Holding a training course on-site at a customer’s facility allows for exclusive training of company employees, and eliminates travel expenses and time out of the office. The courses are readily adaptable to meet specific client requirements.

The new courses include:

• Introduction to CE Marking: This course is designed to provide a top level overview of the guidelines of the European Medical Device Directives MDD 93/42/EEC and comprehensive information on the MDD 2007/47 changes.
• Medical Devices CE Marking: This course discusses the EU classification of medical devices, the European CE Marking approach, the quality assurance requirements for medical devices sold in Europe, and changes coming to MDD. The course will enable you to recognize the role of standards, essential requirements, and labeling, and the value of post-market surveillance and vigilance.
• Medical Devices Risk Management: ISO 14971: This course is designed to provide participants with an understanding of the impact that ISO 14971:2007 has on the decision making process at medical device manufacturing firms. This one day training course helps medical device professionals gain an understanding of how ISO 14971 can improve their business and risk management efforts. Participants will also understand how ISO 14971 applies to ISO 13485:2003.
• Process Validation for the Medical Device Industry: A one day course designed to help manufacturers gain awareness of quality requirements regarding validation and the nature of ‘special processes’. Learn the generally accepted principles of validation and introduce how-to-do methods of installation, operational and production qualification.
• Post-Market Surveillance and Vigilance: This one day post-market surveillance on the impacts of  clinical follow-up, complaint and vigilance handling for all aspects of the quality management system.

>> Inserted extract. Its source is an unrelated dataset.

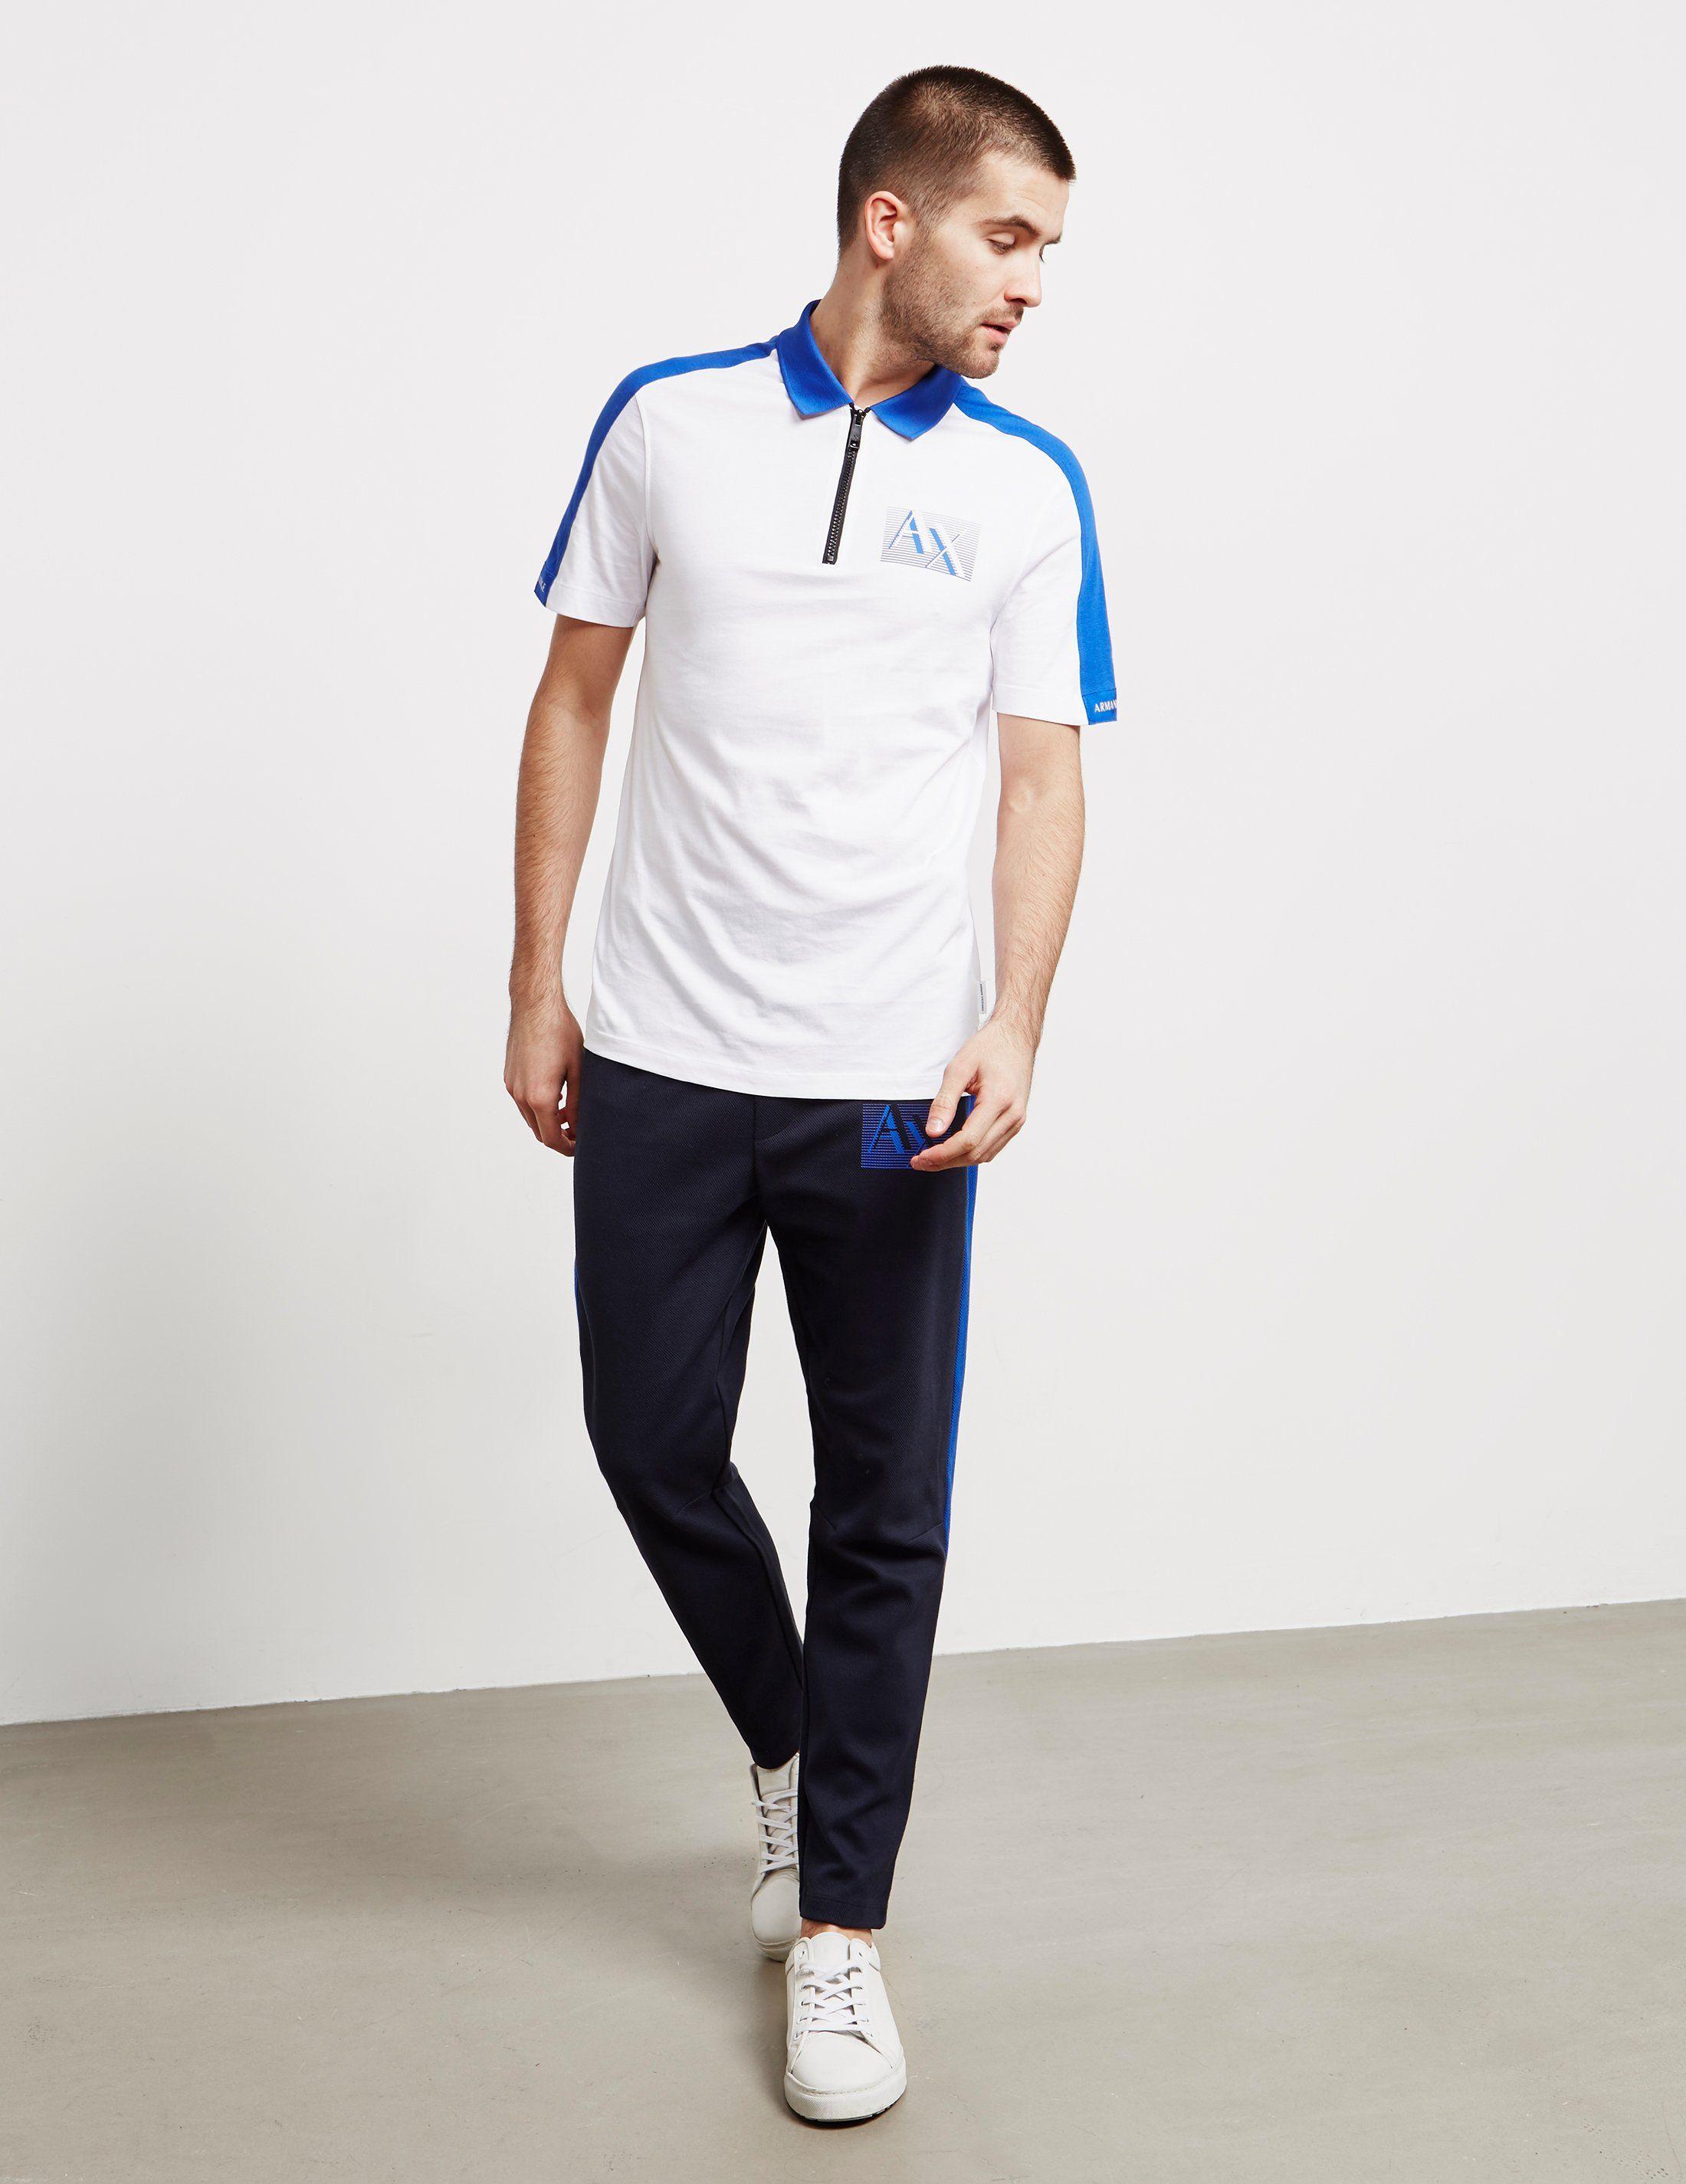 Armani Exchange Zip Short Sleeve Polo Shirt - Online Exclusive

Proactive and reactive sources of information are a regulatory requirement to be incorporated in your post-market surveillance procedures and are applicable to all products.

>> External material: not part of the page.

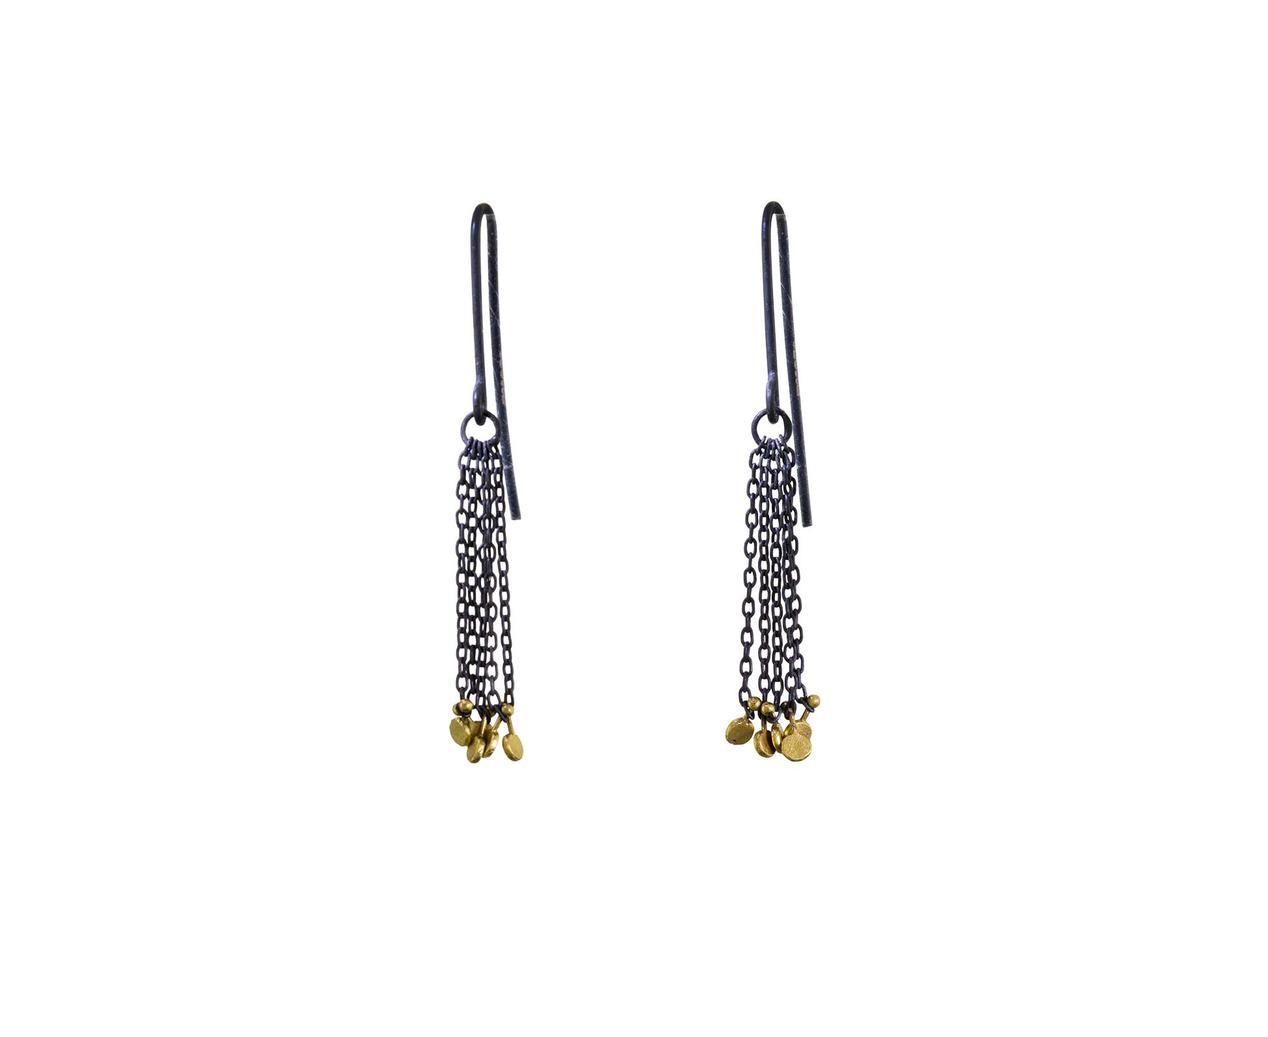 Two-Tone Tassle Earrings

• Device-Drug Combinations: Practical Guidance on Borderline Issues and the Consultation Process: This one day course focuses on how to determine European legislation for borderline products and provides insight and guidance related to the distinction between medical device and medicinal products. It elaborates on the ancillary medicinal substance consultation process and highlights common problems encountered by manufacturers during this process. This course also examines devices incorporating derivatives of human blood or plasma
• Introduction to CE Marking for the In Vitro Diagnostics Directive: This one day course has been designed to introduce the In Vitro Diagnostics Directive (IVDD), the types of product covered by the Directive and the regulatory framework required for placing IVD products on the European market. On completion of training, participants will be able to apply knowledge of the directive to the development of IVD products as well as their on-going maintenance to achieve continued regulatory compliance throughout the lifecycle of the product
• Application of the In Vitro Diagnostics Directive: A three day course to explore the IVD Directive, gain a greater understanding of the requirements to enable IVD devices to be placed on the European market. Participants will be able to apply the requirements of the directive to create technical documentation to support the product throughout its lifecycle. Managers and quality/regulatory professionals responsible for all aspects of IVD CE marking as well as internal and external auditors will benefit from attending this course.